Paper PS-TuP17
Numerical Investigation of Electron Heating in a Neutral-Loop Discharge Plasma

Tuesday, October 29, 2013, 6:00 pm, Room Hall B

Neutral Loop Discharge (NLD) plasmas are being investigated as a new plasma source to produce good directionality and high fluxes of ion bombardment at substrate surface¹⁾ for semiconductor device fabrication. In an NLD plasma reactor, a Neutral Loop (NL) can be produced (zero-field path) that is generated by cusp-shaped magnetic field from direct current magnets.
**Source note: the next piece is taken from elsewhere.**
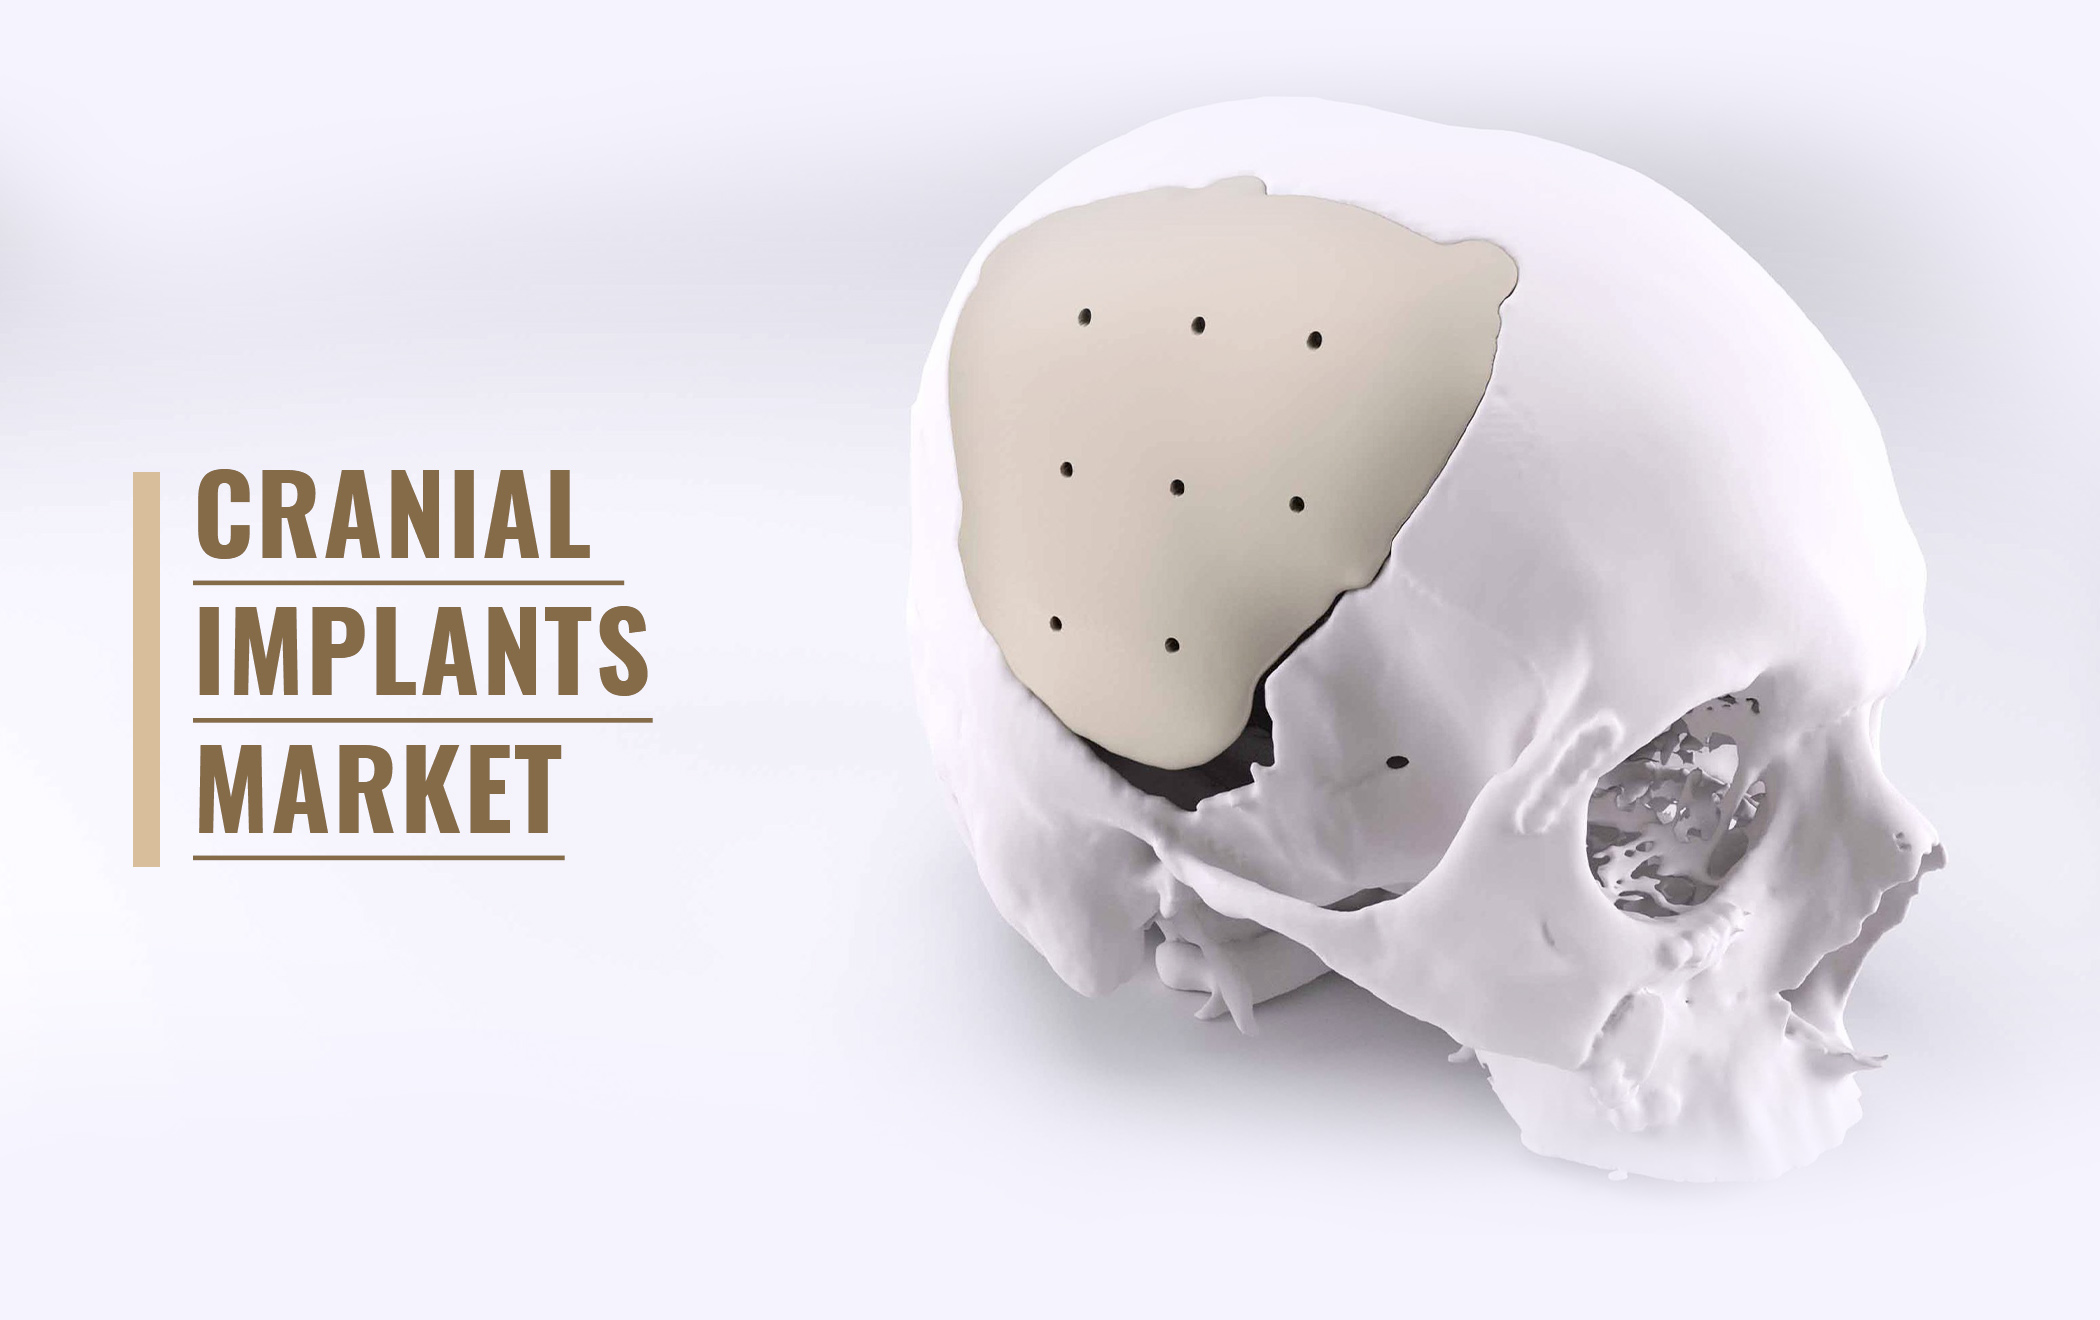 Global Cranial Implants Market is Likely to Register a CAGR of 6.2% Between 2019 to 2030

It has been shown theoretically that magnetic reconnection occurs in the neutral loop region when radio-frequency fields are applied²⁾. During the reconnection process, the DC magnetic field and the r.f. magnetic field cause disconnection and reconnection of the magnetic-field lines over an r.f. period. The reconnection results in the potential to heat electrons stochastically on the NL. Changing the position and the diameter of the NL can modify processing uniformity over a large area and thus improves plasma processing without need to move or rotate the workpiece. However, to confirm this, the details of plasma parameters as a function of position of the NL are produced by numerical simulations of electron motions near the NL in the presence of an r.f. The relationship between the r.f. magnetic field and its corresponding electric field and the average electron energy is also investigated.

This Work was supported by the Semiconductor Research Corporation under Contact No. 2012-KJ-2359 and the National Science Foundation under Grant CBET-1066231.

[1] T. Uchida and S. Hamaguchi., J. Phys. D: Appl. Phys. 41 (2008) 083001

[2] Z. Yoshida et al., Phys. Rev. Lett. 81 (1998) 2458.